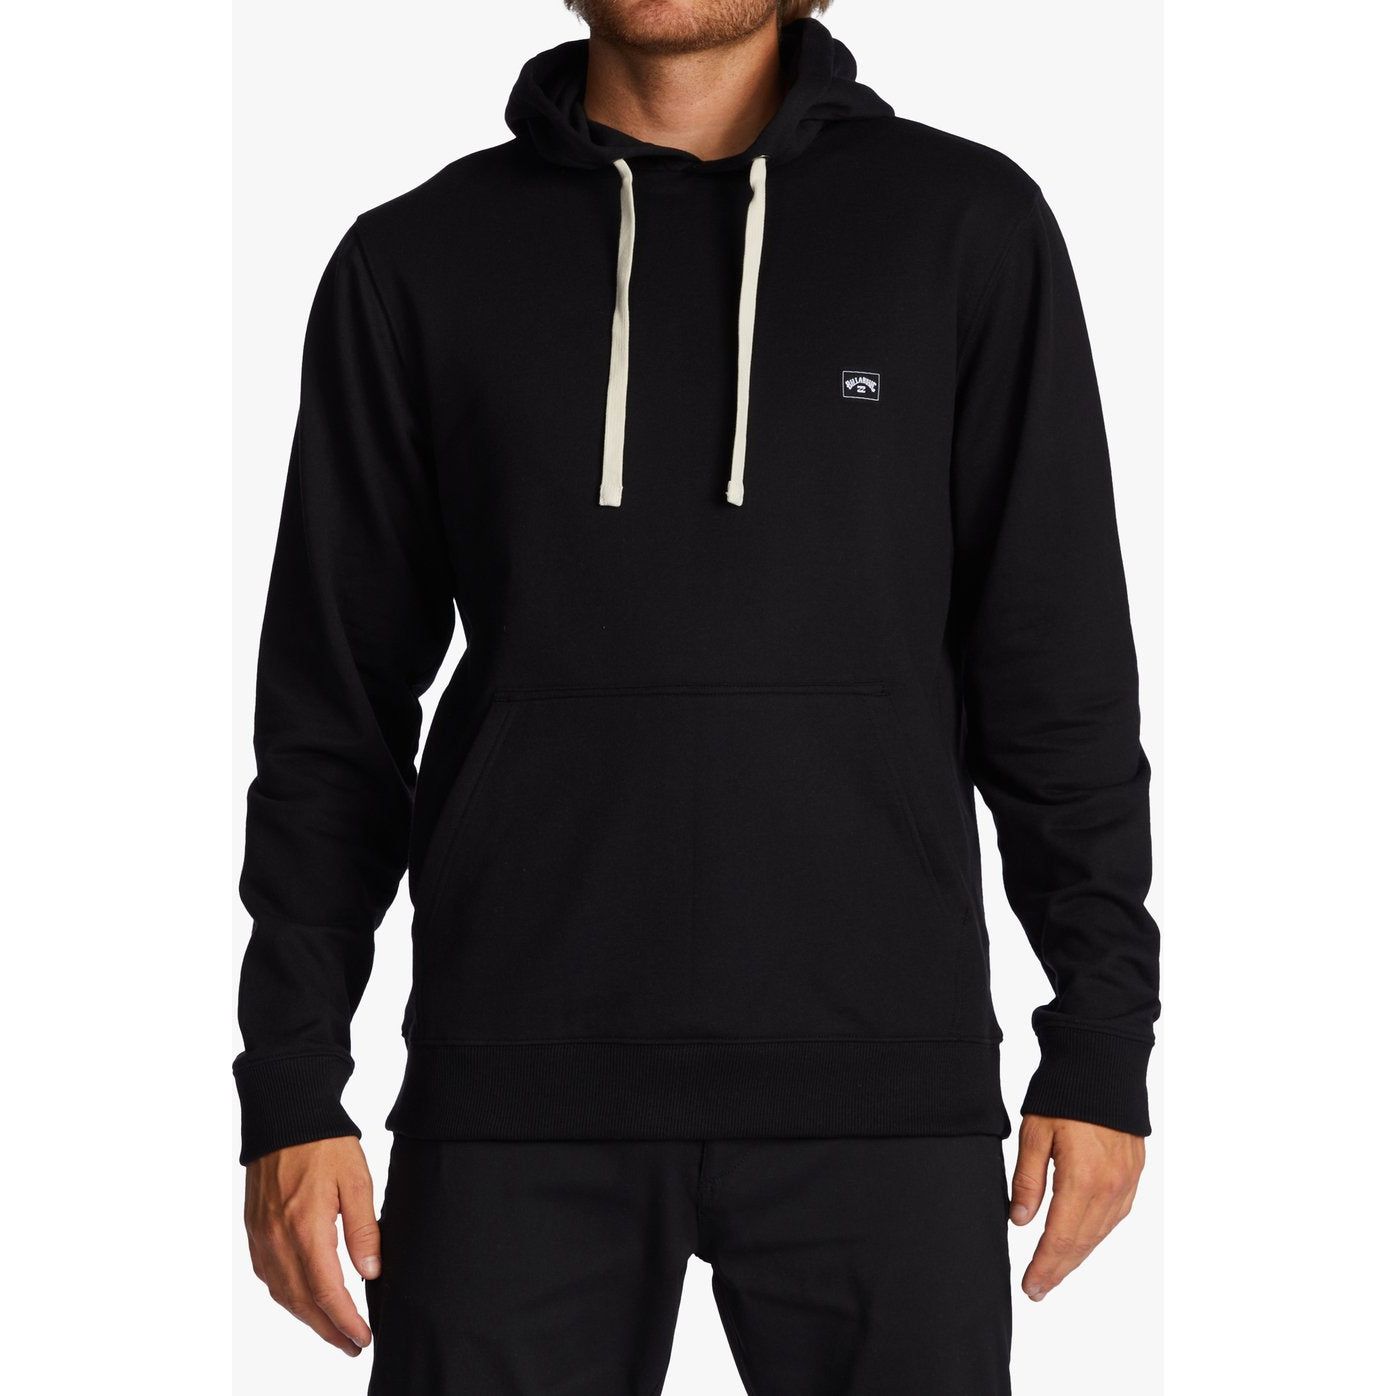 Billabong - All Day Organic Pullover Hoodie in Black-SQ2831777
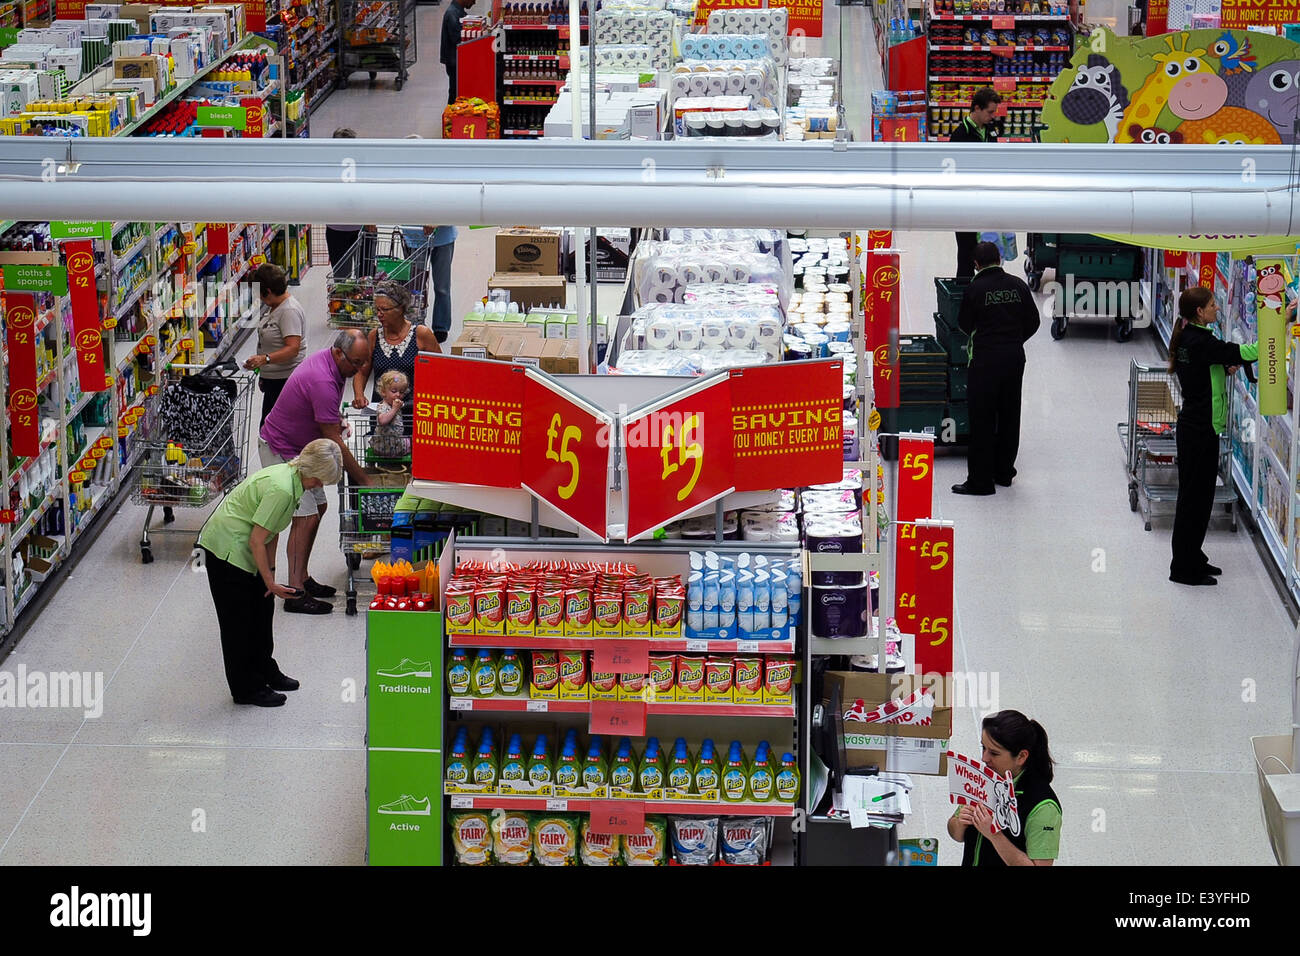 interior of supermarket showing staff re-stocking shelves Stock Photo
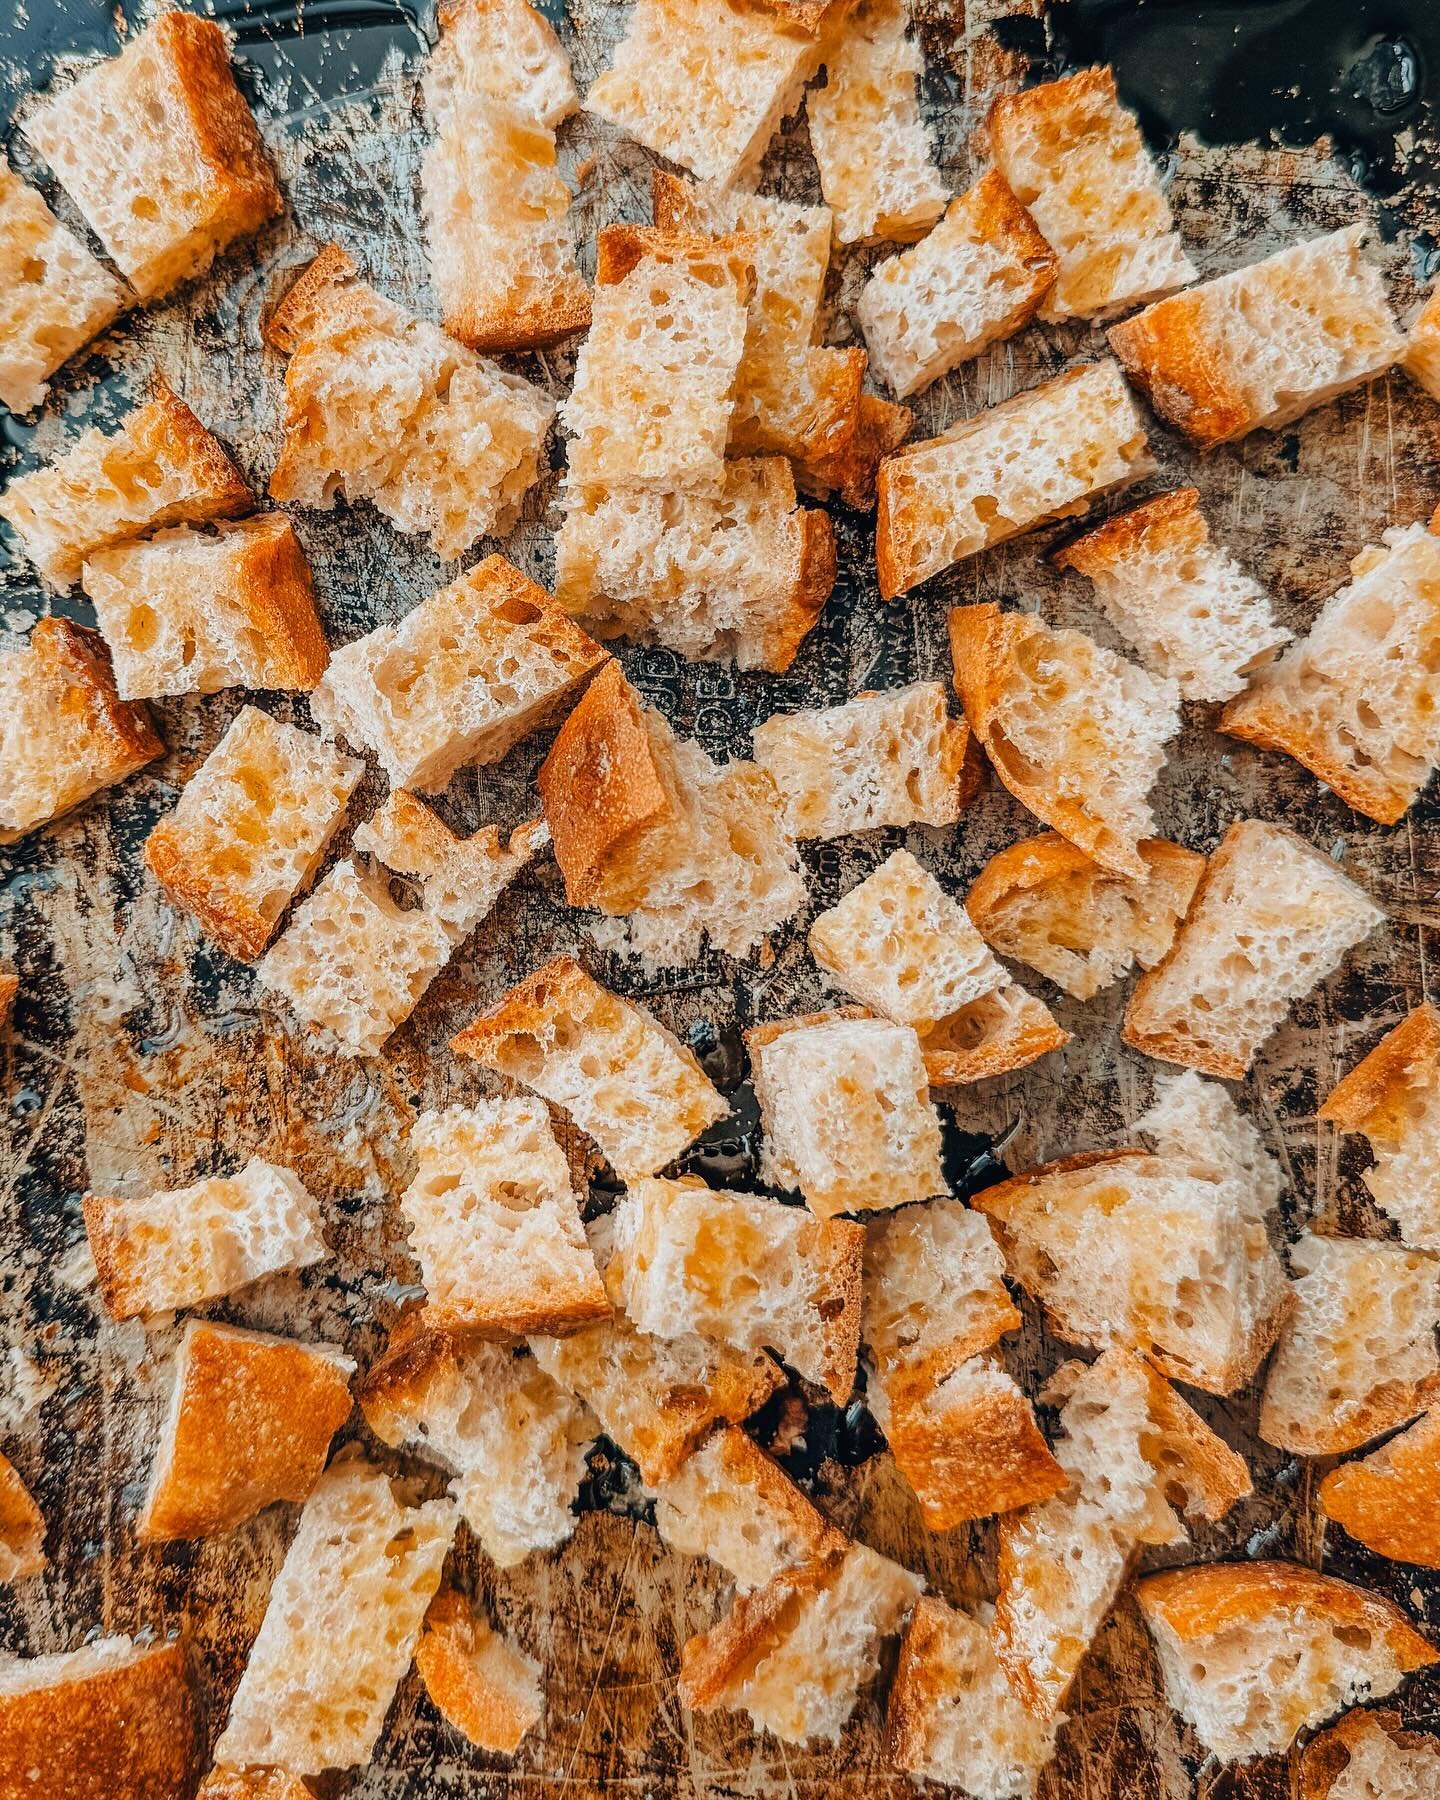 The one thing that can take a soup or salad from pretty good to REALLY GOOD is texture! One of my favorite ways to add texture is with a crouton. 

And truly the best croutons are homemade. If you&rsquo;re intimated by making homemade croutons, don&r

TO DO ->
Images are not wanted in the copy. Please print the material above exactly.

RESPONSE ->
 Billabong - All Day Organic Pullover Hoodie in Black-SQ2831777
 interior of supermarket showing staff re-stocking shelves Stock Photo
 The one thing that can take a soup or salad from pretty good to REALLY GOOD is texture! One of my favorite ways to add texture is with a crouton. 

And truly the best croutons are homemade. If you&rsquo;re intimated by making homemade croutons, don&r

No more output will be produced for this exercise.